Стоя на тротуаре и толкаемый прохожими, я прислушивался к ее удаляющимся шагам, ждал еще несколько секунд, затем открывал дверь, бесшумно поднимался по тускло освещенной черной лестнице и оказывался в темном зале. Это был балкон. На партер я не решался проникнуть — там всегда ловили, а до балкона у служительницы не хватало сил подняться.
В темноте я опускался в жесткое деревянное кресло, и экран тут же завораживал меня.

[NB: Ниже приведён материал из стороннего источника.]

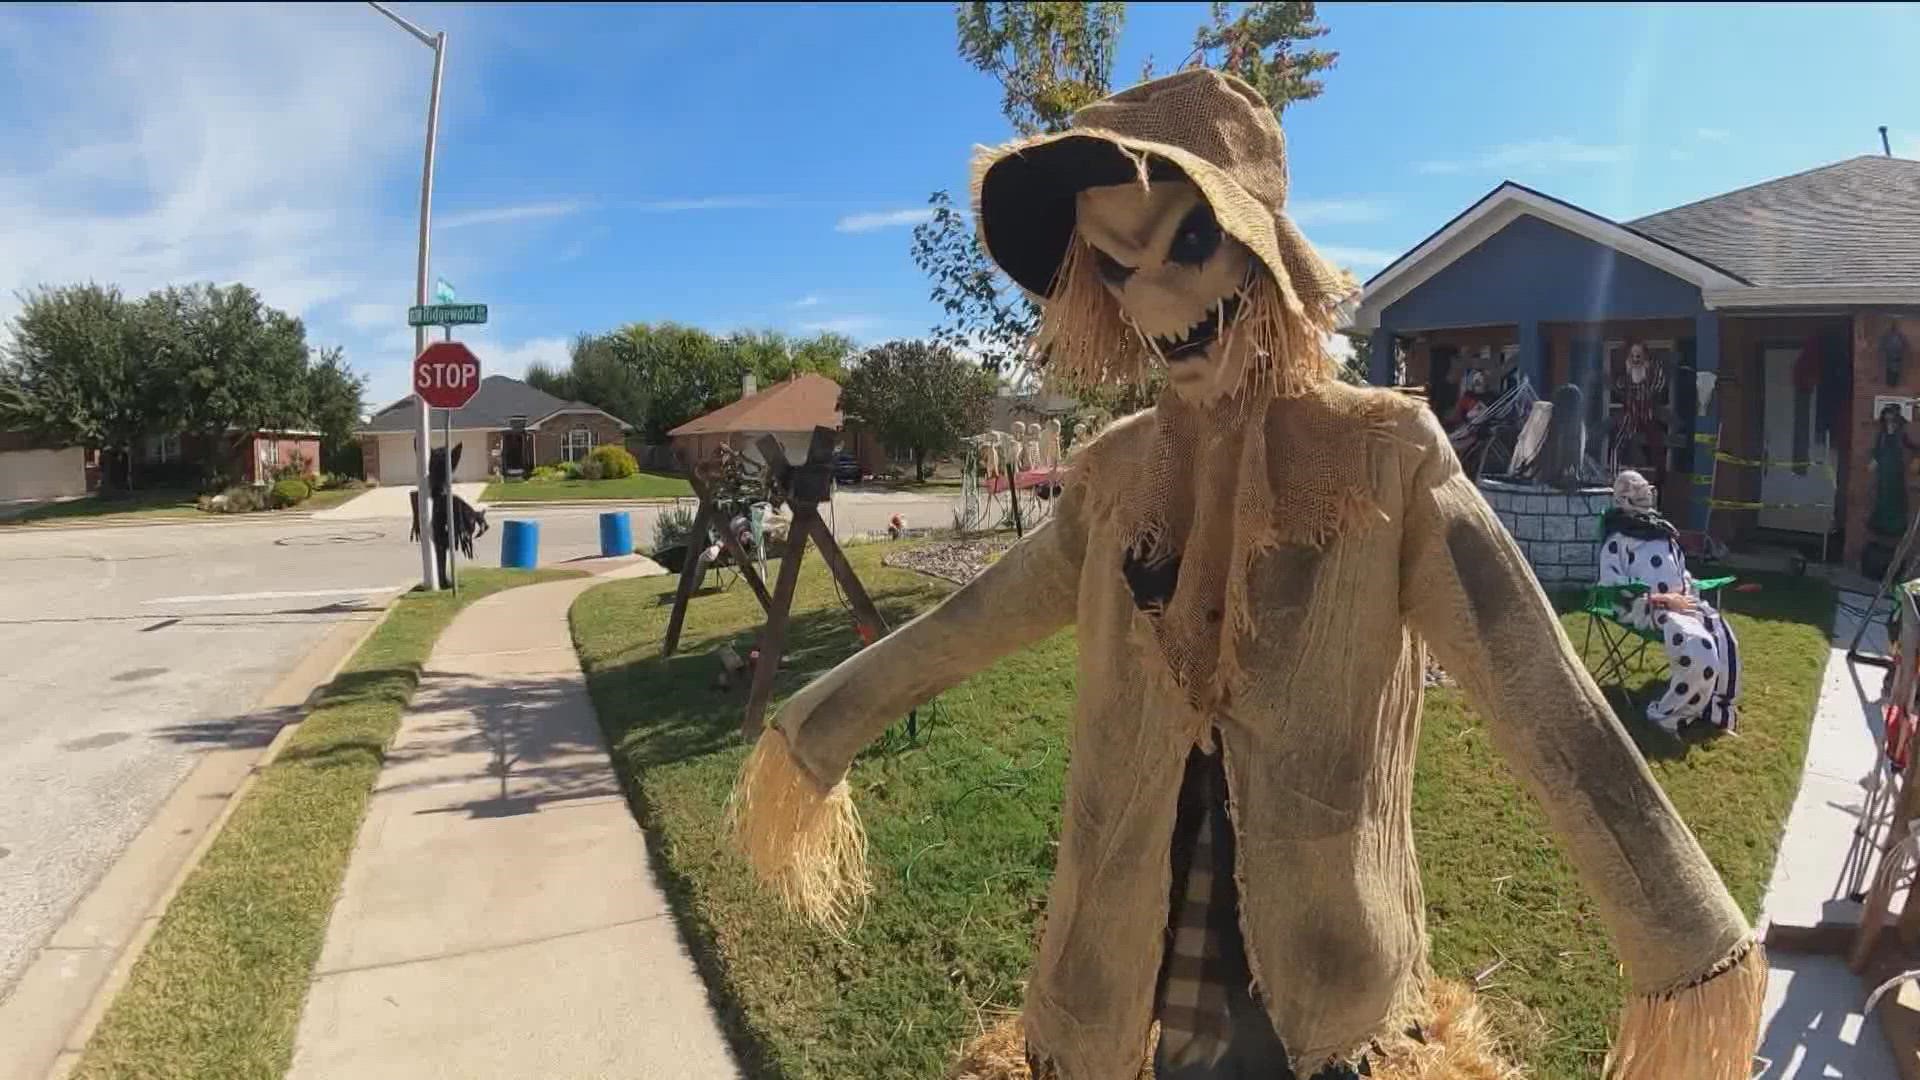 One Leander family goes all out for Halloween. Their law is filled with Halloween decorations – and they do it all for a good cause.

Там уже стреляли, изменяли, делали революцию или станки — никогда я не видел ни одного начала, я их додумывал, может, поэтому сейчас лучше всего у меня получаются начала…
В ту осень в «Титане» шел документальный фильм «Путешествие на теплоходе «Победа» по Средиземному морю». Вот такое длинное название, оно еле умещалось на афише. Фильм этот был совершенно особенный — служительница ни разу не забыла закрыть выход на засов. А «Путешествие» уже длилось месяц и вскоре заканчивалось — в понедельник начинался «Ленин в октябре».
Мне не хотелось в октябрь, даже с Лениным, мне хотелось по Средиземному…
Я ждал, служительница упорно гремела засовом, денег у меня не было. И вдруг мне неожиданно повезло — к нам пришли с обыском.
Я не знаю, что у нас можно было найти, но с обыском приходили регулярно. И всегда трое — человек в штатском, милиционер и понятая-дворничиха в грязном фартуке. Ей вообще почти не давали работать. Она возмущалась:
— Или берите на постоянную работу, или дайте подмести двор.
Вместе со святой троицей всегда появлялся и папа — его брали прямо с работы.